- Fiskernes Chapel
- 66°35′17″N 12°14′26″E﻿ / ﻿66.58810577°N 12.24058941°E
- Location: Træna Municipality, Nordland
- Country: Norway
- Denomination: Church of Norway
- Churchmanship: Evangelical Lutheran

History
- Status: Chapel
- Founded: 1887

Architecture
- Functional status: Active
- Architect: A. B. Jurgensen
- Architectural type: Long church
- Completed: 1887 (139 years ago)

Specifications
- Capacity: 30
- Materials: Wood

Administration
- Diocese: Sør-Hålogaland
- Deanery: Nord-Helgeland prosti
- Parish: Træna

= Fiskernes Chapel =

Church in Nordland, Norway

Fiskernes Chapel (Fiskernes bedehuskapell) is a chapel of the Church of Norway in Træna Municipality in Nordland county, Norway.
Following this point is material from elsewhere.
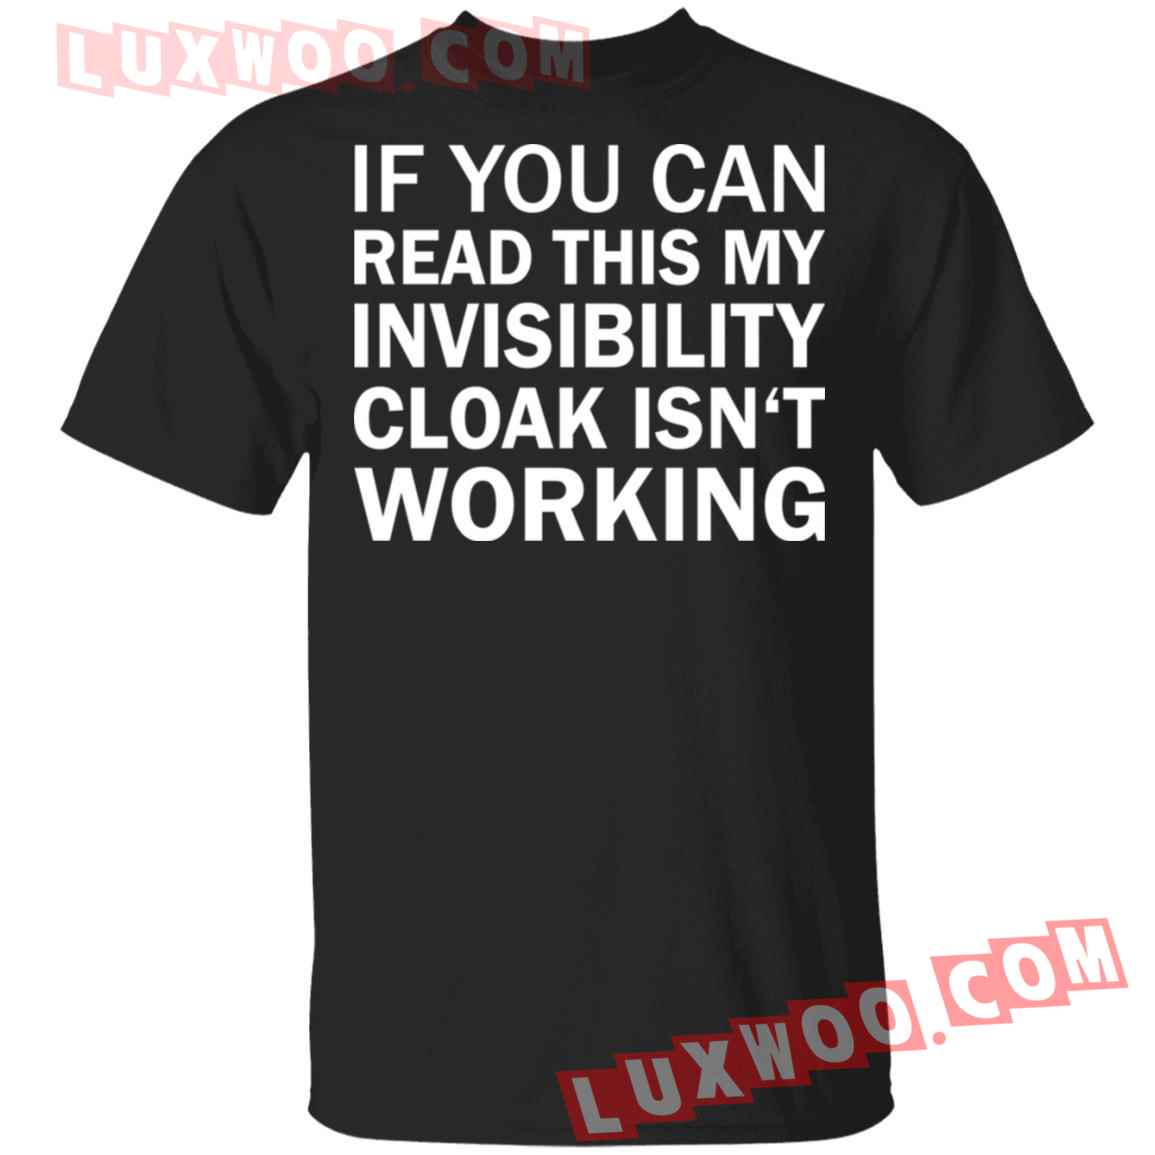 If You Can Read This My Invisibility Cloak Isnt Working Shirt

It is located on the island/village of Selvær. It is an annex chapel in the Træna parish which is part of the Nord-Helgeland prosti (deanery) in the Diocese of Sør-Hålogaland. The white, wooden chapel was built in a long church style in 1887 using plans drawn up by the architect A. B. Jurgensen. The chapel seats about 30 people.